◆ REQUIRED WORK ◆
Nothing but the lines from the one holding "Cadeau d'entreprise - Pochette" through the last line of the material below should be set down, exactly and without images.
[[ INPUT DATA open ]]
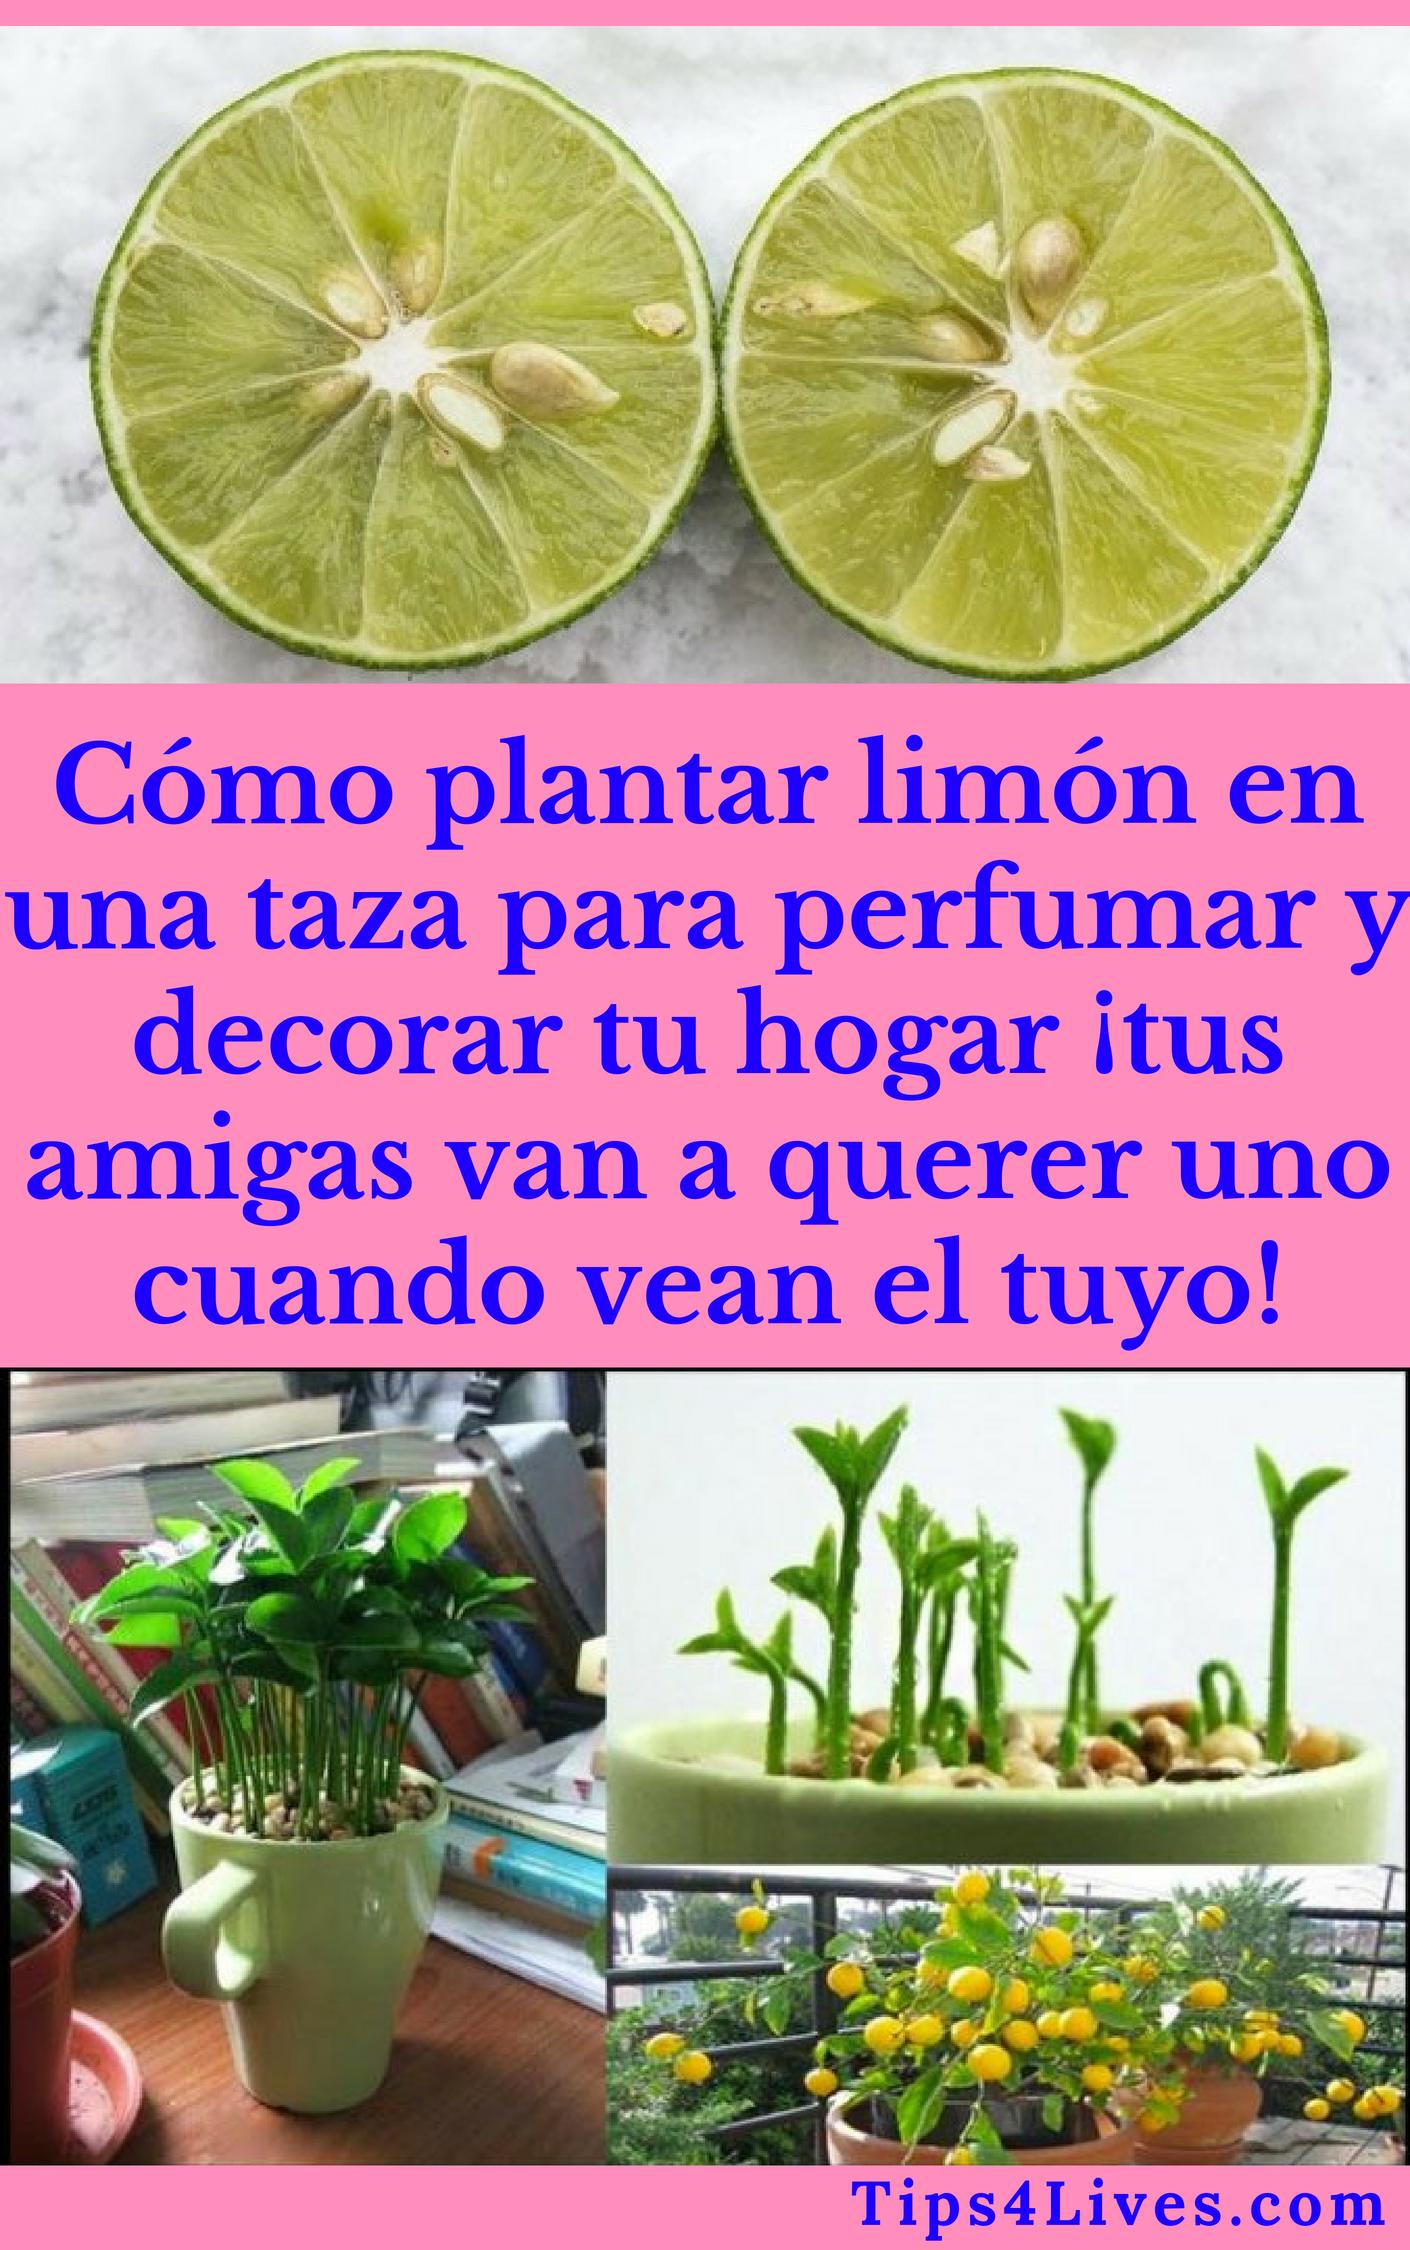 Cómo plantar limón en una taza para perfumar y decorar tu hogar ¡tus amigas van a querer uno cuando vean el tuyo!
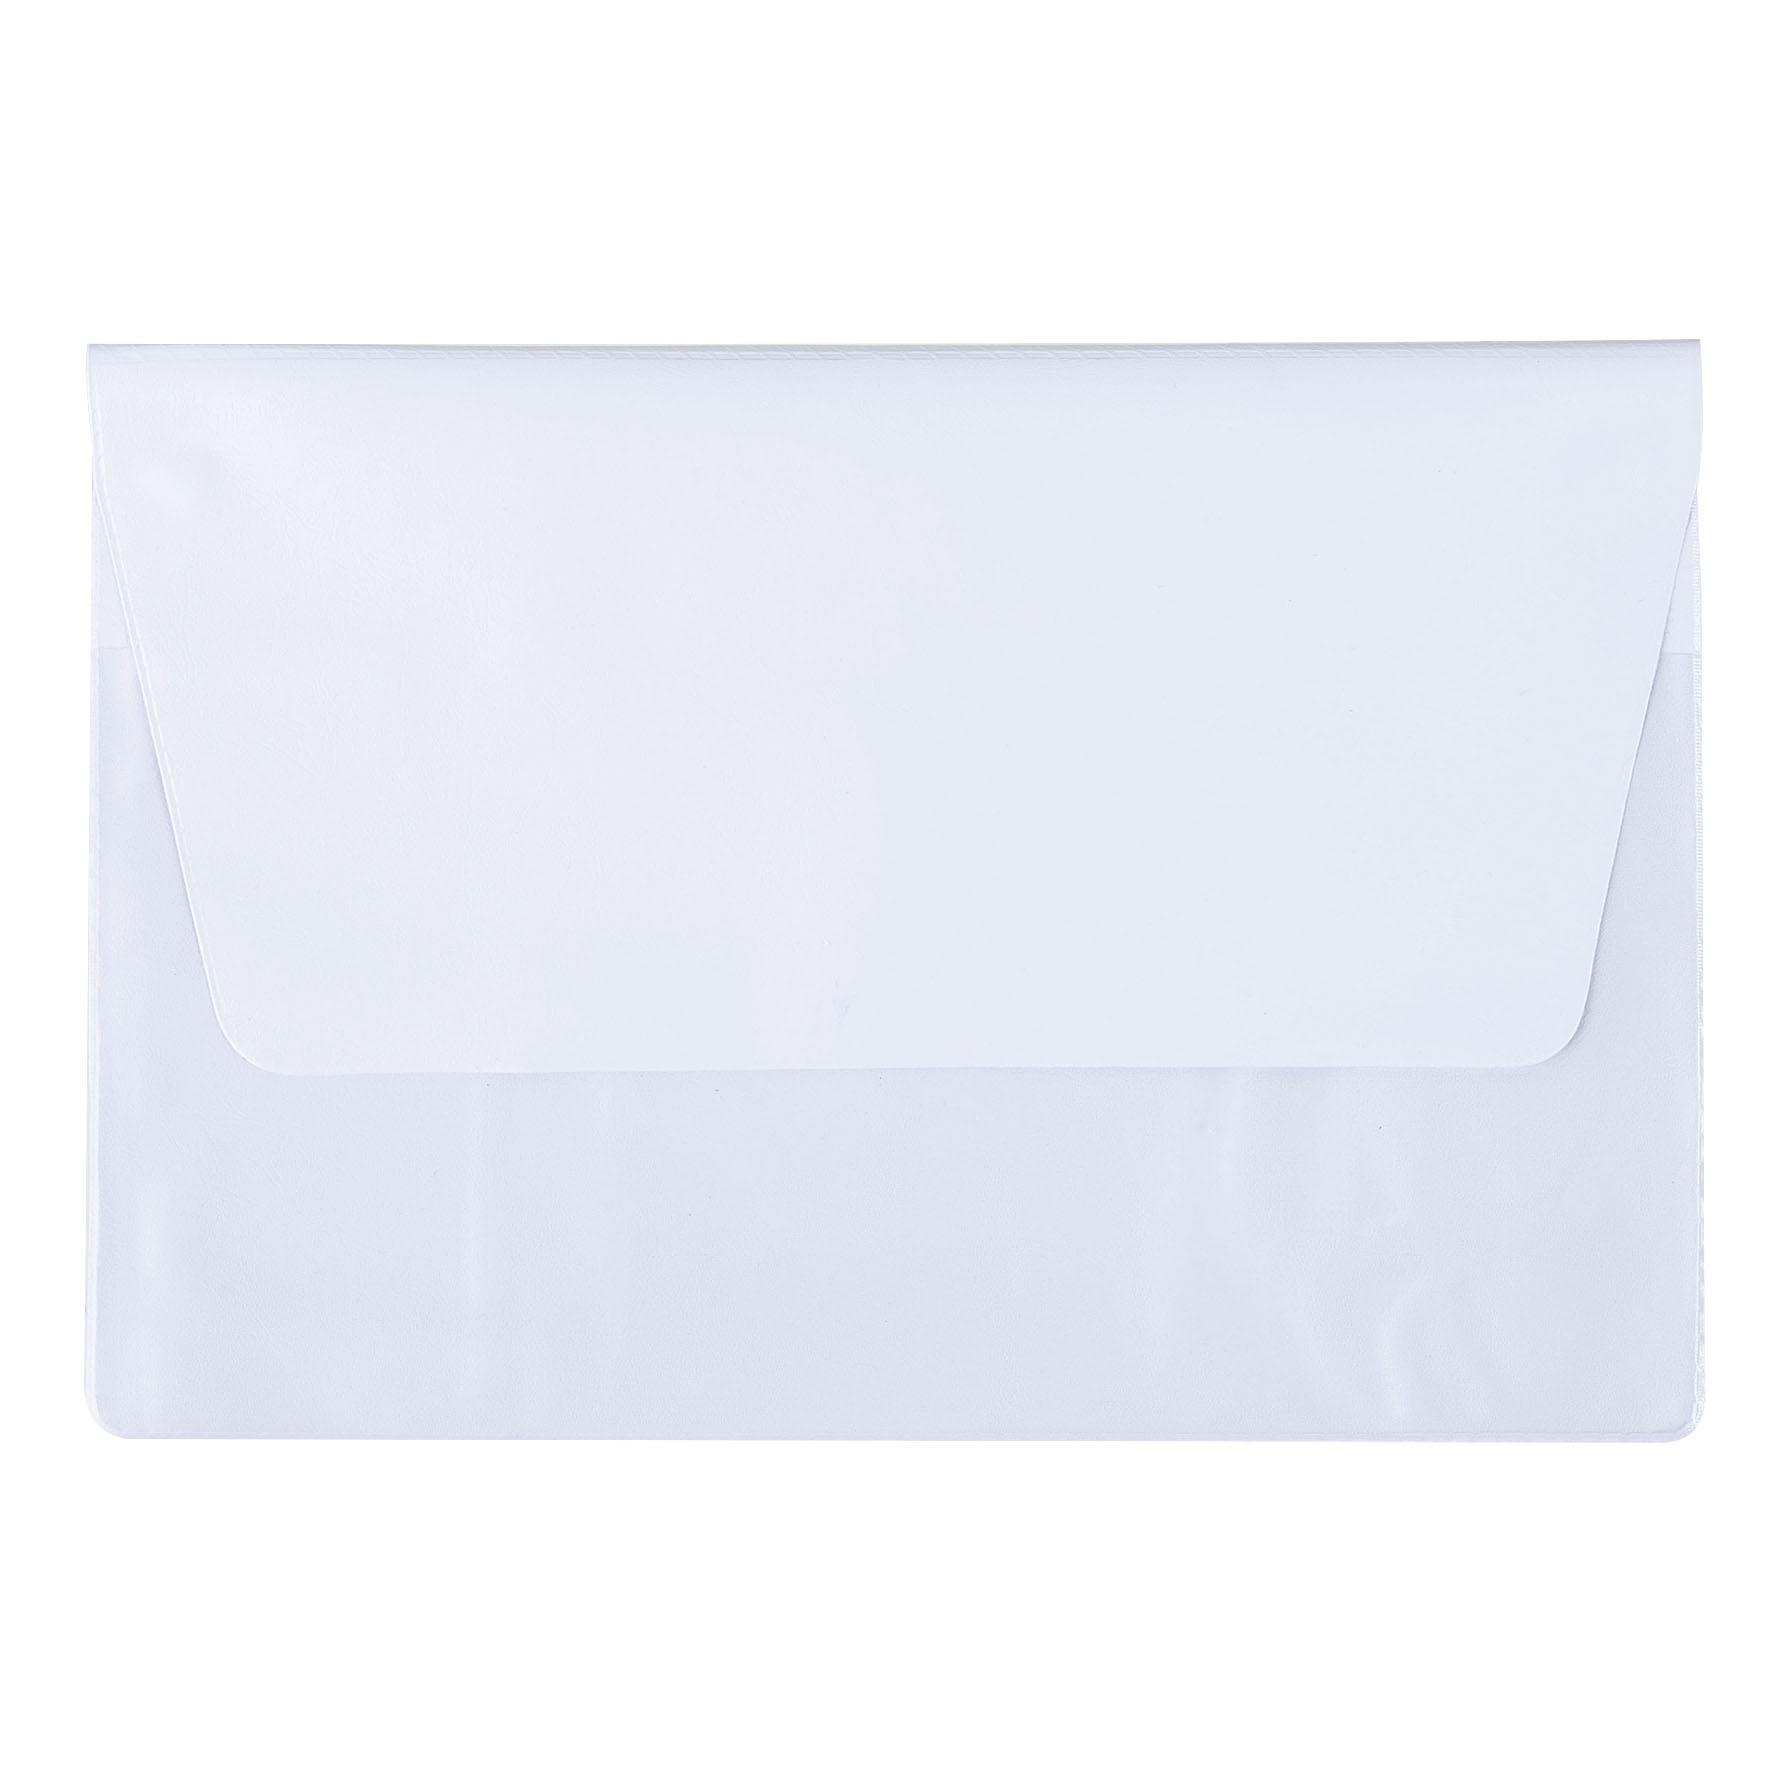 Cadeau d'entreprise - Pochette de voyage publicitaire 2 poches A5 - blanc
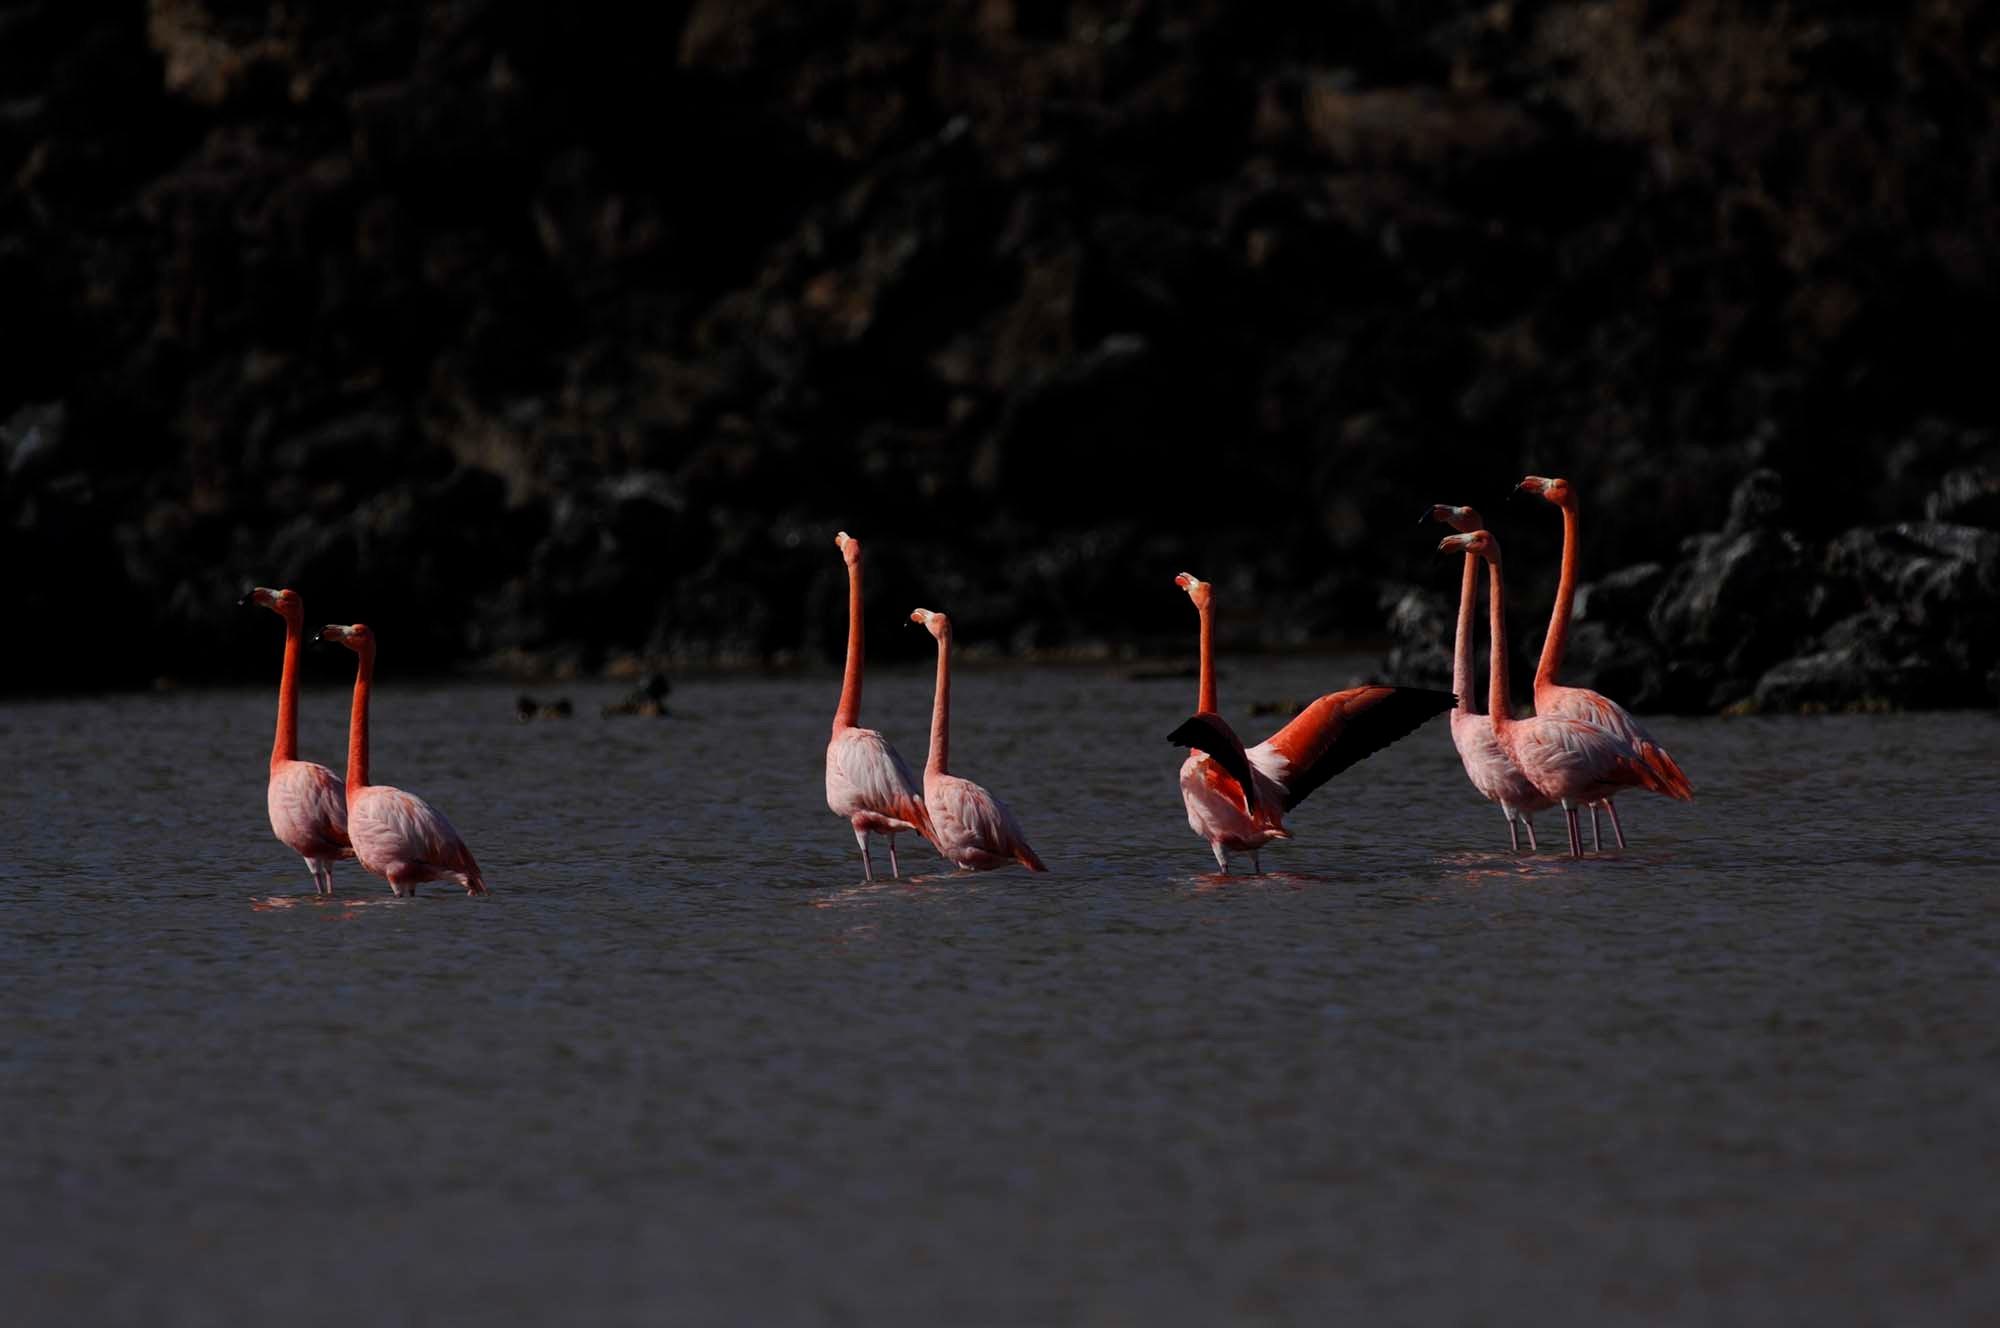 Flamingos Lagoon
[[ INPUT DATA closed ]]
◆ RESPONSE BOX ◆
 Cadeau d'entreprise - Pochette de voyage publicitaire 2 poches A5 - blanc
 Flamingos Lagoon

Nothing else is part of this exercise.